История очарованного странника, очевидно, приходила к концу, оставалось полюбопытствовать только об одном: как ему повелось в монастыре.

 

ГЛАВА ДВАДЦАТАЯ

 

Так как наш странник доплыл в своем рассказе до последней житейской пристани — до монастыря, к которому он, по глубокой вере его, был от рождения предназначен, и так как ему здесь, казалось, все столь благоприятствовало, то приходилось думать, что тут Иван Северьянович более уже ни на какие напасти не натыкался; однако же вышло совсем иное. Один из наших сопутников вспомнил, что иноки, по всем о них сказаниям, постоянно очень много страдают от беса, и вопросил:

— А скажите, пожалуйста, бес вас в монастыре не искушал? ведь он, говорят, постоянно монахов искушает?
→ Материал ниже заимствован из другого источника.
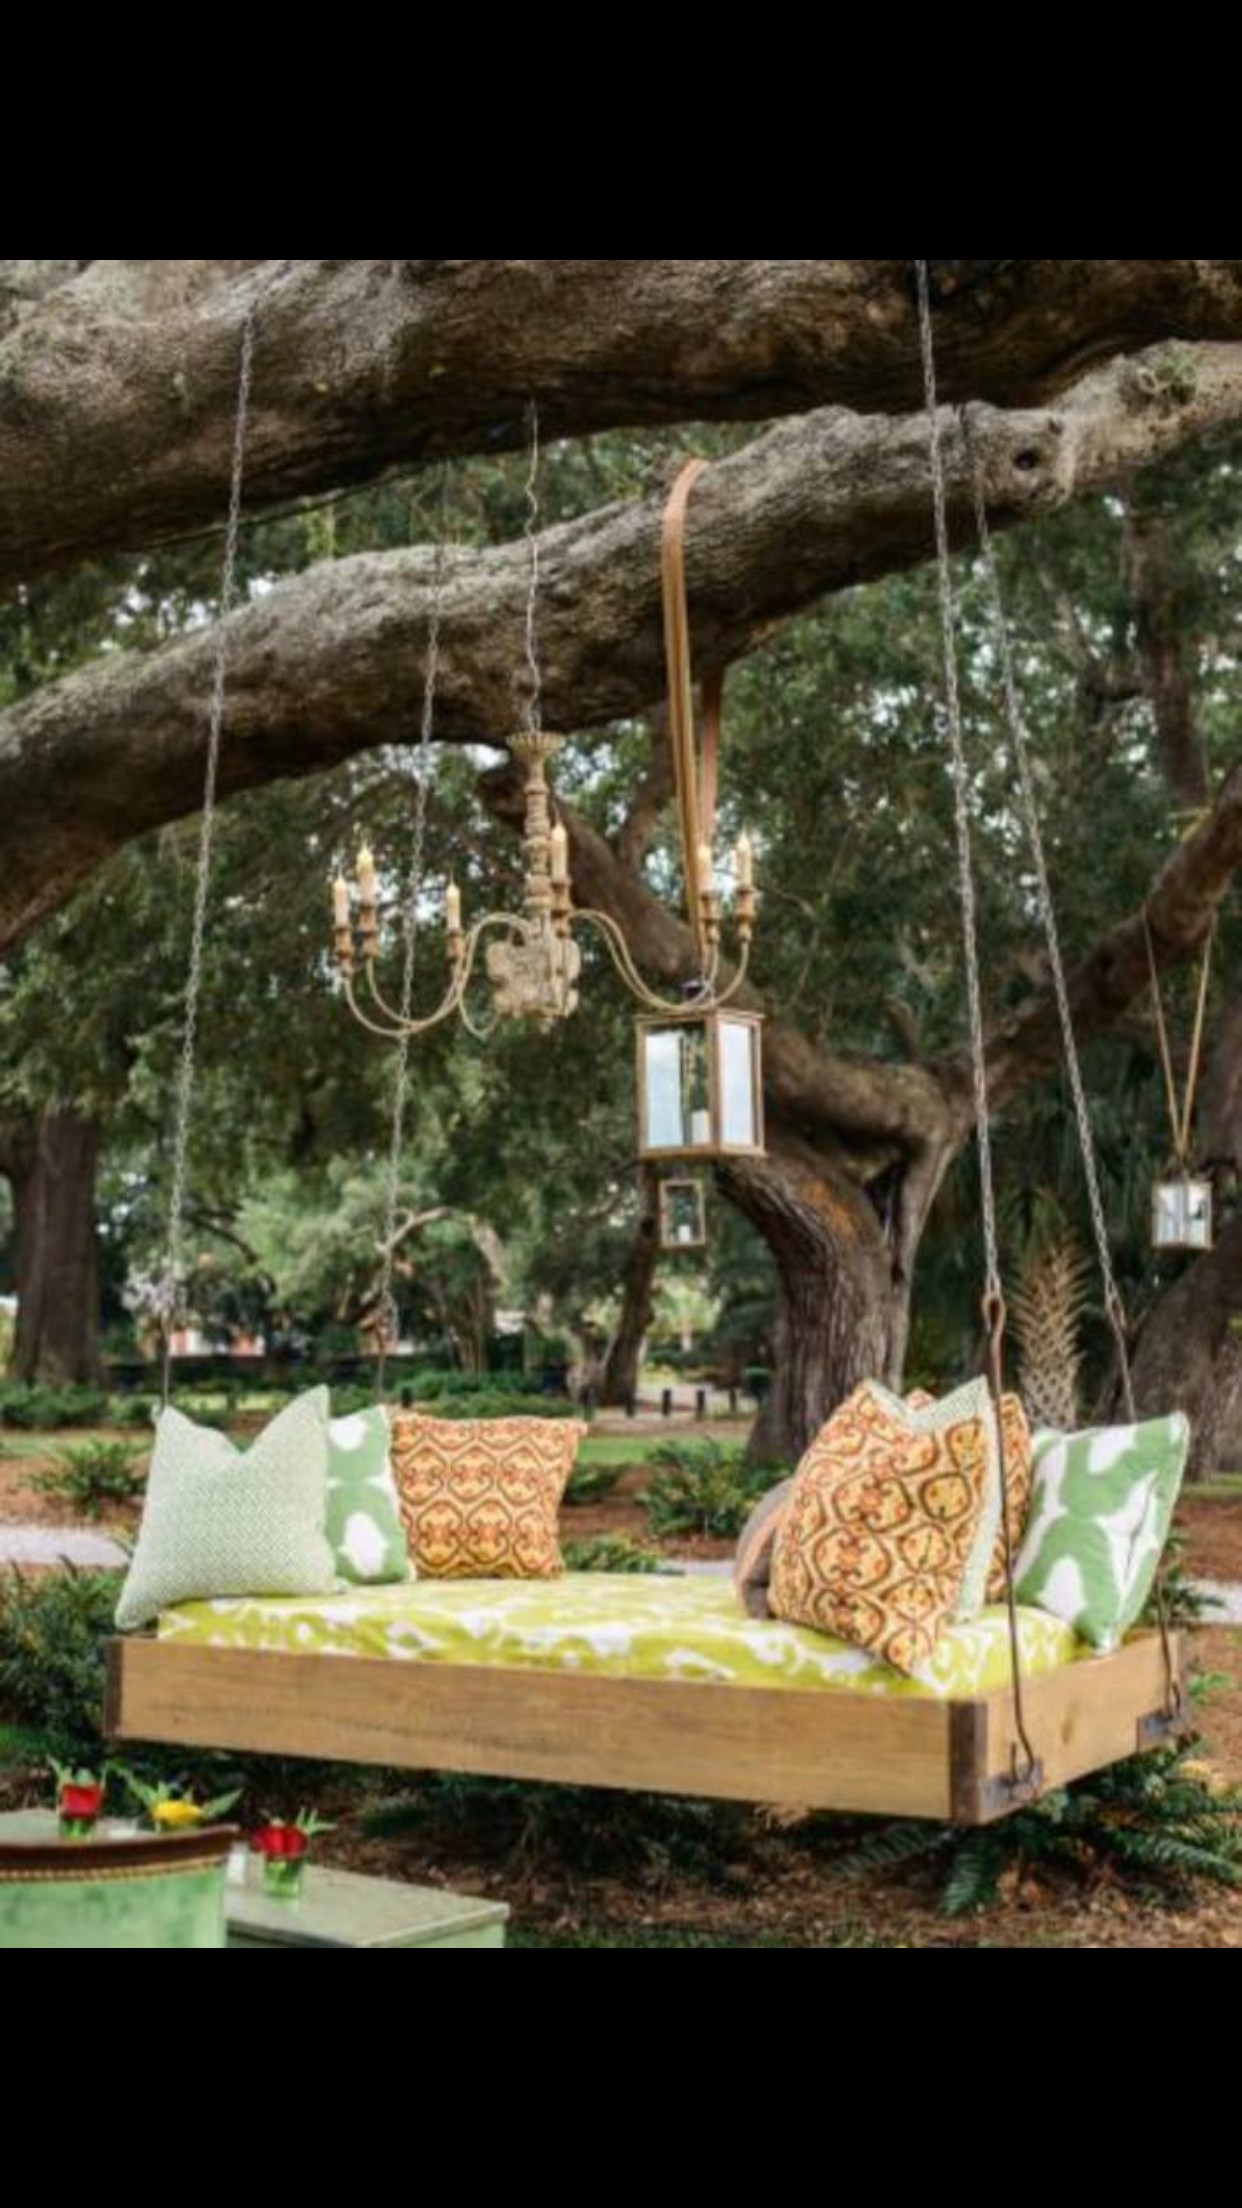 Gorgeous garden swing ♥✿༺ Garden of Eden ༺✿♥

Иван Северьянович бросил из-под бровей спокойный взгляд на говорящего и отвечал:

— Как же не искушать? Разумеется, если сам Павел-апостол от него не ушел и в послании пишет, что «ангел сатанин был дан ему в плоть», то мог ли я, грешный и слабый человек, не претерпеть его мучительства.
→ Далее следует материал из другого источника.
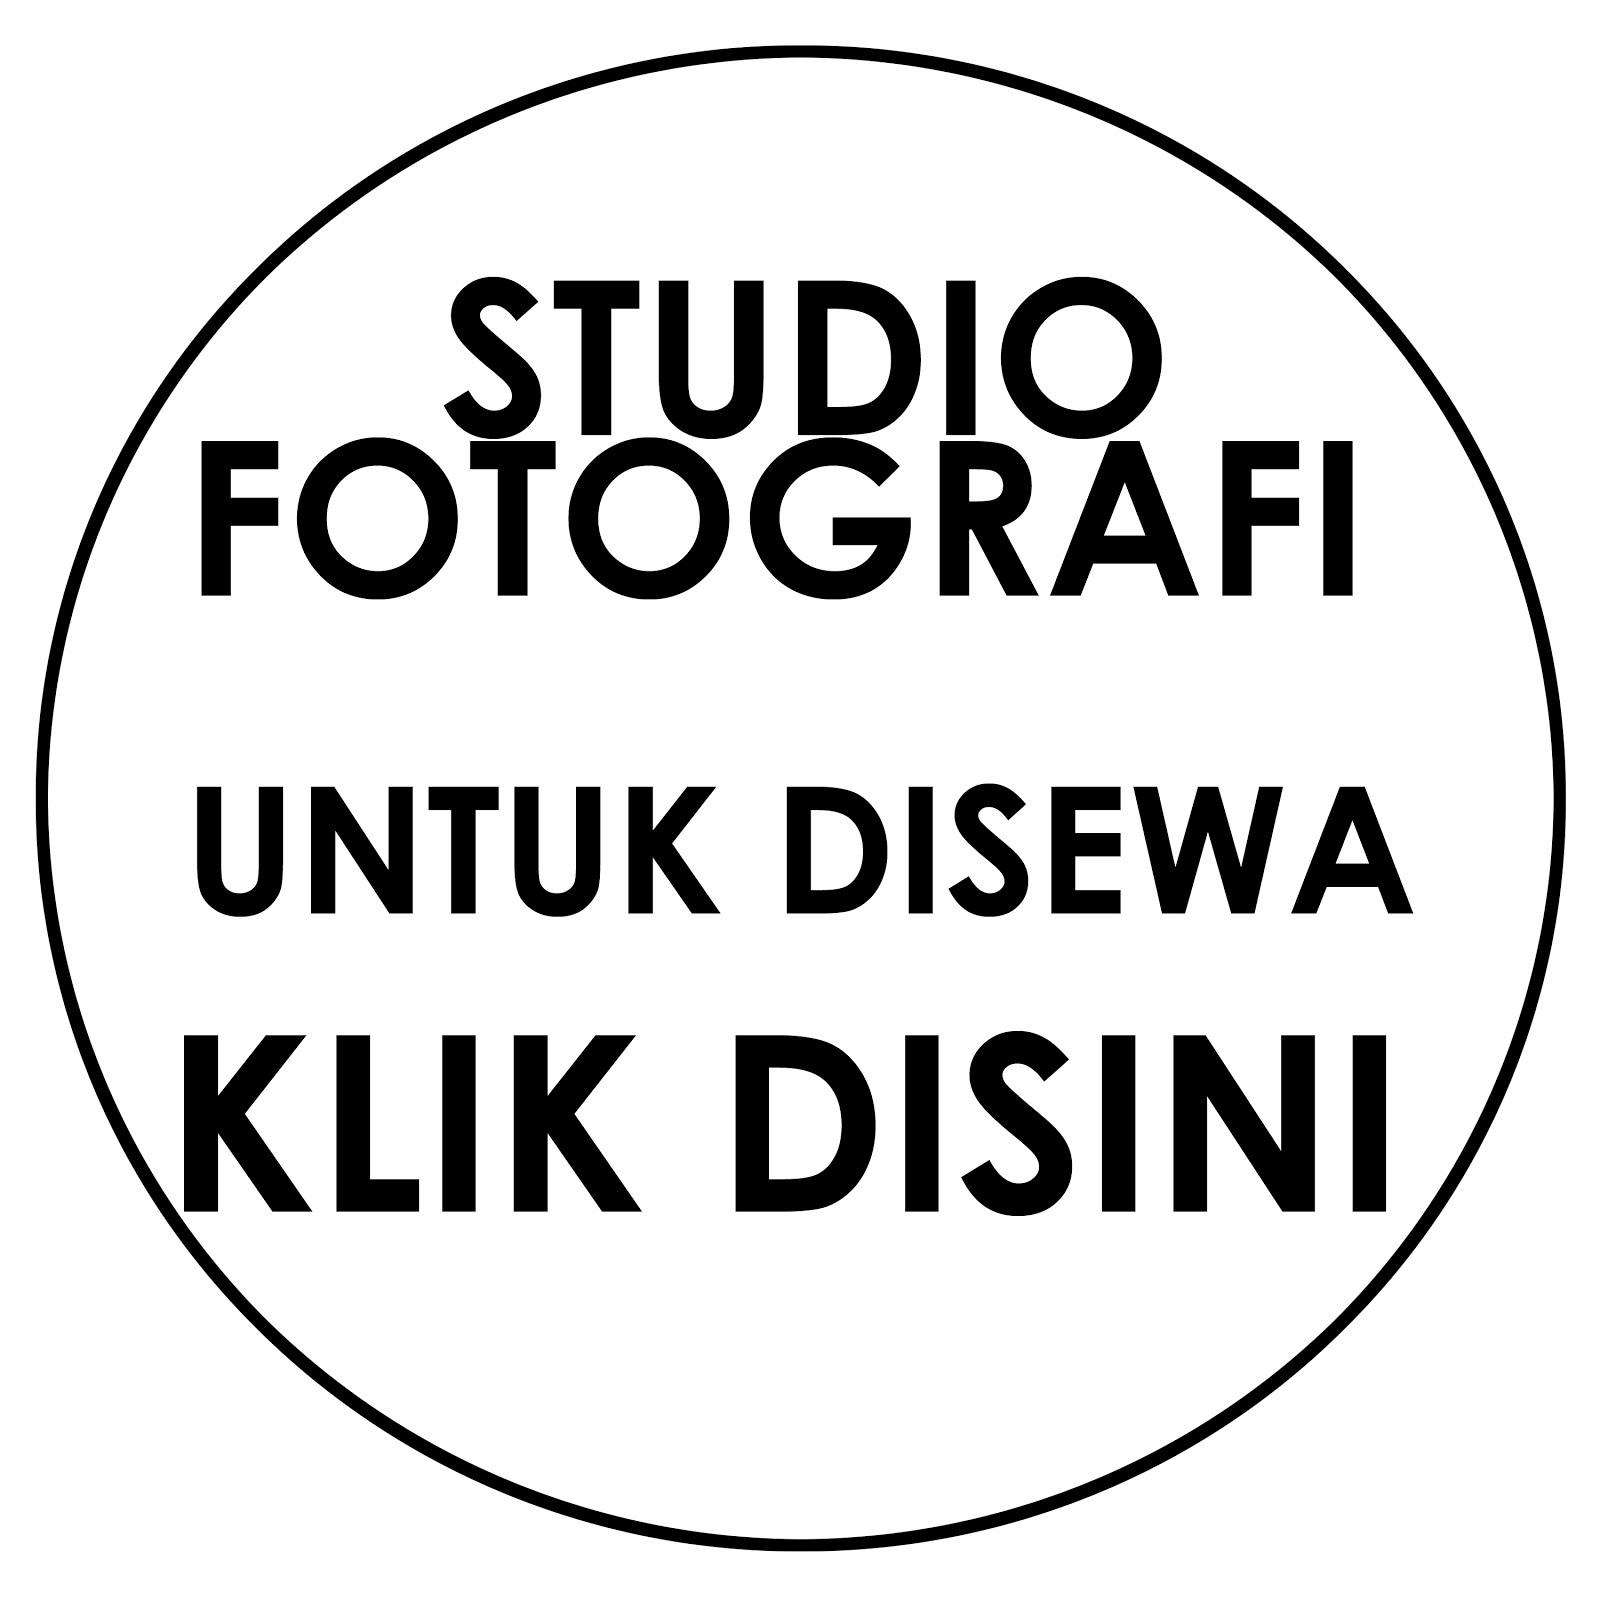 STUDIO FOTOGRAFI UNTUK DISEWA

— Что же вы от него терпели?

— Многое-с.

— В каком же роде?

— Всё разные пакости, а сначала, пока я его не пересилил, были даже и соблазны.

— А вы и его, самого беса, тоже пересилили?

— А то как же иначе-с? Ведь это уже в монастыре такое призвание, но я бы этого, по совести скажу, сам не сумел, а меня тому один совершенный старец научил, потому что он был опытный и мог от всякого искушения пользовать. Как я ему открылся, что мне все Груша столь живо является, что вот словно ею одною вокруг меня весь воздух дышит, то он сейчас кинул в уме и говорит:

«У Якова-апостола сказано: „Противустаньте дьяволу, и побежит от вас“, и ты, — говорит, — противустань». И тут наставил меня так делать, что ты, — говорит, — как если почувствуешь сердцеразжижение и ее вспомнишь, то и разумей, что это, значит, к тебе приступает ангел сатанин, и ты тогда сейчас простирайся противу его на подвиг: перво-наперво стань на колени. Колени у человека, — говорит, — первый инструмент: как на них падешь, душа сейчас так и порхнет вверх, а ты тут, в сем возвышении, и бей поклонов земных елико мощно, до изнеможения, и изнуряй себя постом, чтобы заморить, и дьявол как увидит твое протягновение на подвиг, ни за что этого не стерпит и сейчас отбежит, потому что он опасается, как бы такого человека своими кознями еще прямее ко Христу не привести, и помыслит: «Лучше его оставить и не искушать, авось-де он скорее забудется». Я стал так делать, и действительно все прошло.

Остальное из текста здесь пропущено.